Uma outra fonte ouvida pelo PÚBLICO, que acompanhou as averiguações internas, recusa a tese de que se tratou de uma denúncia com vista a garantir à Tranquilidade a protecção das autoridades. “Se fosse uma delação premiada, como se alega, isso significava que havia uma investigação em curso na AdC e que a Tranquilidade tinha sido apanhada. Só que a AdC nada sabia e foi a Tranquilidade a tomar a iniciativa”, assegura. 

Ainda assim, numa nota constante do relatório e contas relativo a 2017 da seguradora Unidas (onde se agrupa a Tranquilidade, a Açoreana, a Logo e a T-Vida) pode ler-se que existe um processo aberto no qual a seguradora estava “a colaborar plenamente com a Autoridade da Concorrência” e que previa que não viesse a ocorrer “a aplicação de uma coima” uma vez que tal não era “antecipado pelos assessores jurídicos a acompanhar esta matéria”.

A AdC, também contactada pelo PÚBLICO com as informações recolhidas, apenas diz que “o processo no sector segurador que a AdC tem em curso encontra-se sob segredo de justiça”, pelo que está impossibilitada “de comunicar qualquer detalhe sobre o mesmo”.

A existência deste processo foi conhecida há praticamente um ano, a 8 de Julho de 2017, através de uma notícia do Expresso que dava conta de que já teriam havido buscas nas seguradoras visadas. Na mesma data a AdC acabaria por confirmar as informações do semanário através de um comunicado onde adiantava que tinha realizado “diligências de busca e apreensão em cinco instalações de quatro empresas, localizadas na Grande Lisboa, no âmbito de uma investigação por práticas anti concorrenciais, ao abrigo dos poderes sancionatórios que lhe são conferidos pela Lei da Concorrência”. A entidade liderada por Margarida Matos Rosa especificava ainda que “as buscas foram motivadas pela verificação de indícios de cartel no sector segurador, que fundamentam suspeitas de infracção à Lei da Concorrência.”

Apesar de há um ano as suspeitas de cartelização recaírem apenas sobre quatro seguradoras, as mesmas fontes contactadas pelo PÚBLICO referem que o processo já será mais abrangente e que mais empresas estarão a ser investigadas.

A Tranquilidade passou para o perímetro norte-americano em 2015, altura em que o Novo Banco a vendeu ao fundo Apollo que pagou cerca de 40 milhões de euros, com compromisso de reforço de capital de 150 milhões de euros.

Antecedentes de 2013

Apesar de o processo ser do conhecimento público desde meados do ano passado, os seus antecedentes remontam, pelo menos, a 2013, data em que o supervisor dos seguros, a Autoridade de Supervisão de Seguros e Fundos de Pensões, teve de intervir na modalidade dos seguros de acidentes de trabalho.

Na prática, este ramo segurador era consecutivamente deficitário, com as seguradoras a assumirem perdas para captarem mais clientes.

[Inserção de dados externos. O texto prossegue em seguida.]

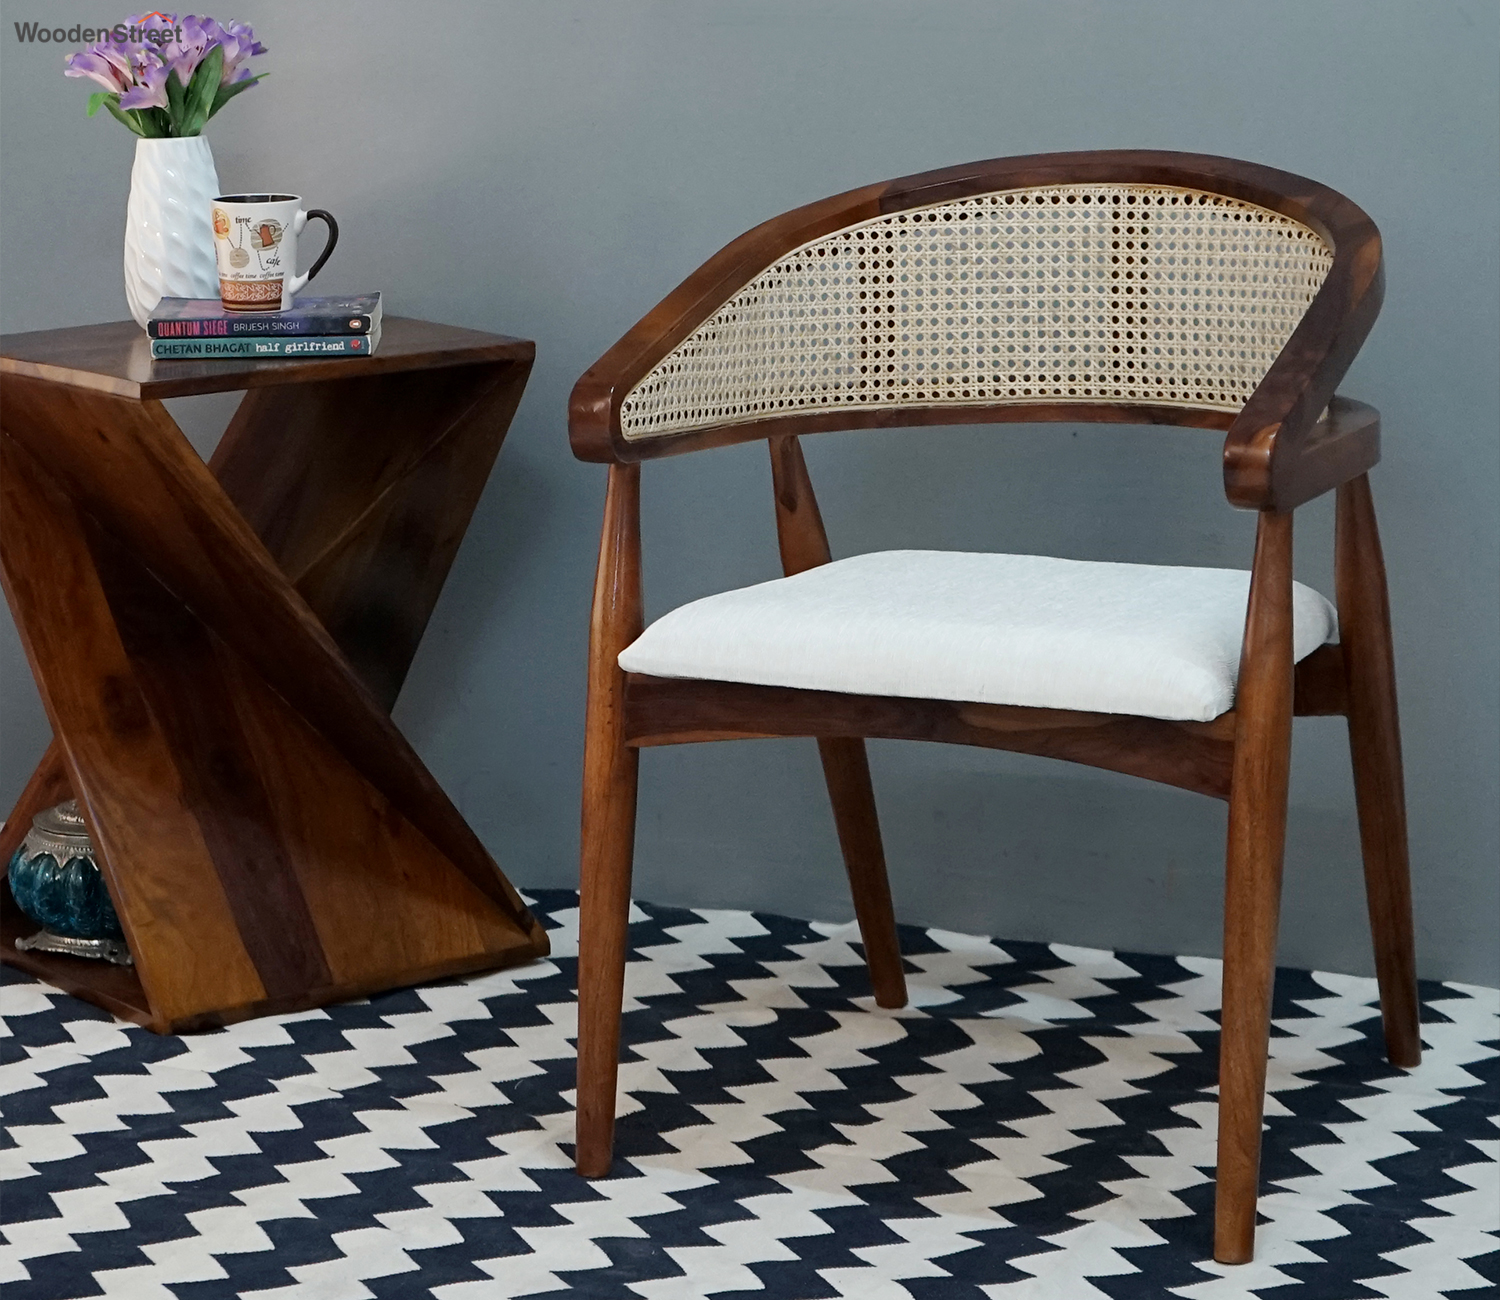 How wide should various dining chairs be?

Também aqui poder-se-á estar perante novas violações da concorrência, uma vez que as seguradoras cobravam pelos valores dos seguros montantes que saberiam estar abaixo do preço de custo.

Foi neste contexto que o regulador dos seguros actuou exigindo às empresas que tomassem medidas para que cada ramo segurador, neste caso o de acidentes de trabalho, fosse sustentável, ou seja, teriam de aplicar preços que o garantissem, algo que não estava a acontecer. O supervisor determinou ainda que lhe fosse apresentado um plano com as medidas adoptadas e que lhe fossem comunicados mensalmente indicadores que permitissem avaliar a situação da modalidade acidentes de trabalho. Mais tarde, em 2014, o supervisor voltou a pressionar as seguradoras para resolver a situação uma vez que considerava que o que tinha sido feito até essa data era insuficiente para equilibrar a modalidade de acidentes de trabalho no prazo de três anos.

Foi então neste contexto que as empresas terão começado a subir preços. Mas tê-lo-ão feito de forma consertada e sem que essa subida levasse à disputa de clientes. E é esta prática que está agora a ser investigada. Se vierem a ser condenadas, as seguradoras poderão incorrer em coimas que, no limite máximo, poderão atingir 10% do seu volume de negócios, tendo como referência as contas anteriores a uma eventual condenação.